During the Brett Kavanaugh hearings—which proved to every woman in North America that we remain, legally speaking, second-class citizens—President Donald Trump famously called this a “scary time” for young men in America. It’s always been a “scary time” to be a woman anywhere; as we hear in the doc Lorena was not only too scared to leave John because she believed if she did, he would kill her, but sometimes quasi-consensually acquieced to his sexaul demands because she believed that if she didn’t he “would rape her anyways.”

It was 2016 when a Canadian judge asked a rape victim why she didn’t just keep her knees together and one-time CBC darling Jian Ghomeshi was acquitted of multiple accounts of sexual assault using a defence which focused on discrediting the testimony and experiences of multiple women.
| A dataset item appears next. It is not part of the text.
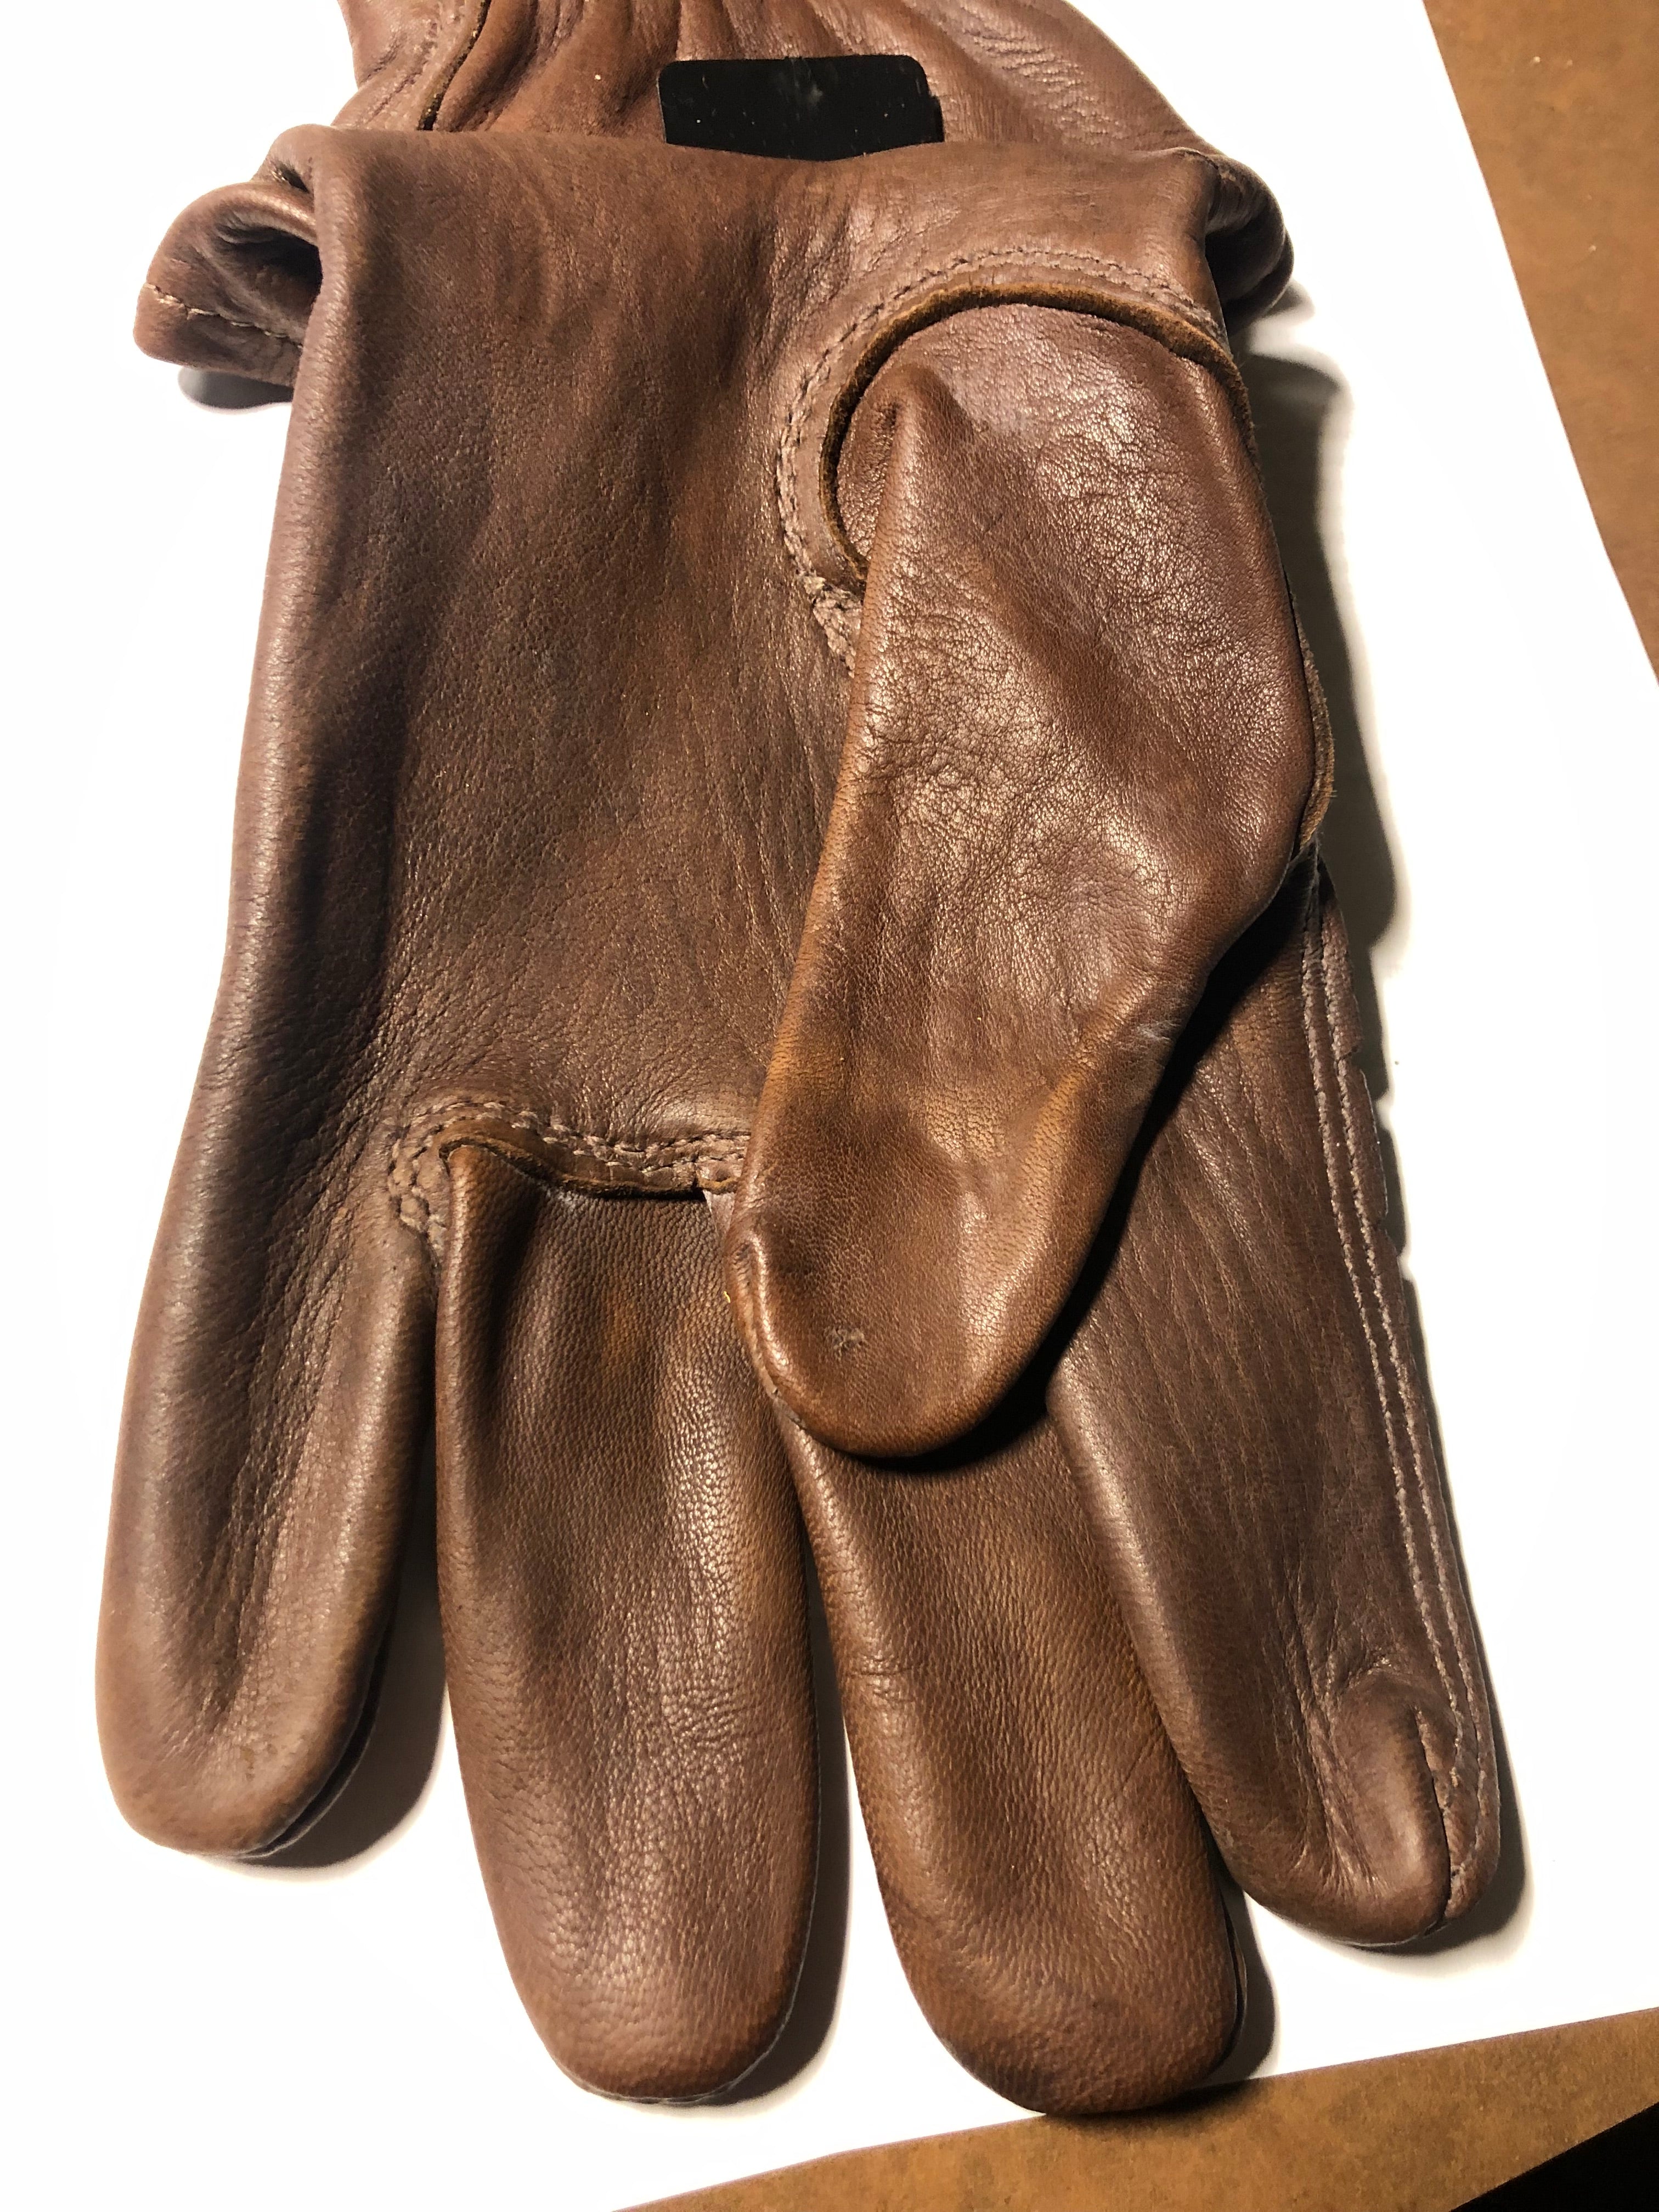 Midwest Glove = Buckskin "Keystone Thumb" leather gloves

In a post #MeToo era, we may be talking about Lorena differently, but the way we handle the issues surrounding her infamous knife-work is surprisingly—depressingly—the same. 30,000 women die at the hands of their romantic partners each year and we are still uncertain as to what consent means. One white straight cis-gender male loses his cock and we talk about it for 25 years.

Lorena manages to successfully demonstrate how the media and society misinterpreted and/or willfully ignored the reality of the Bobbitt case while simultaneously making it painfully obvious that even now attitudes have not really changed. Men often claim be ‘woke’ to women’s rights, even as culturally they behave in accordance to their assumed entitlement to our bodies. Fact is, women die every day in subjugation to male power, but no man has ever died of blue balls.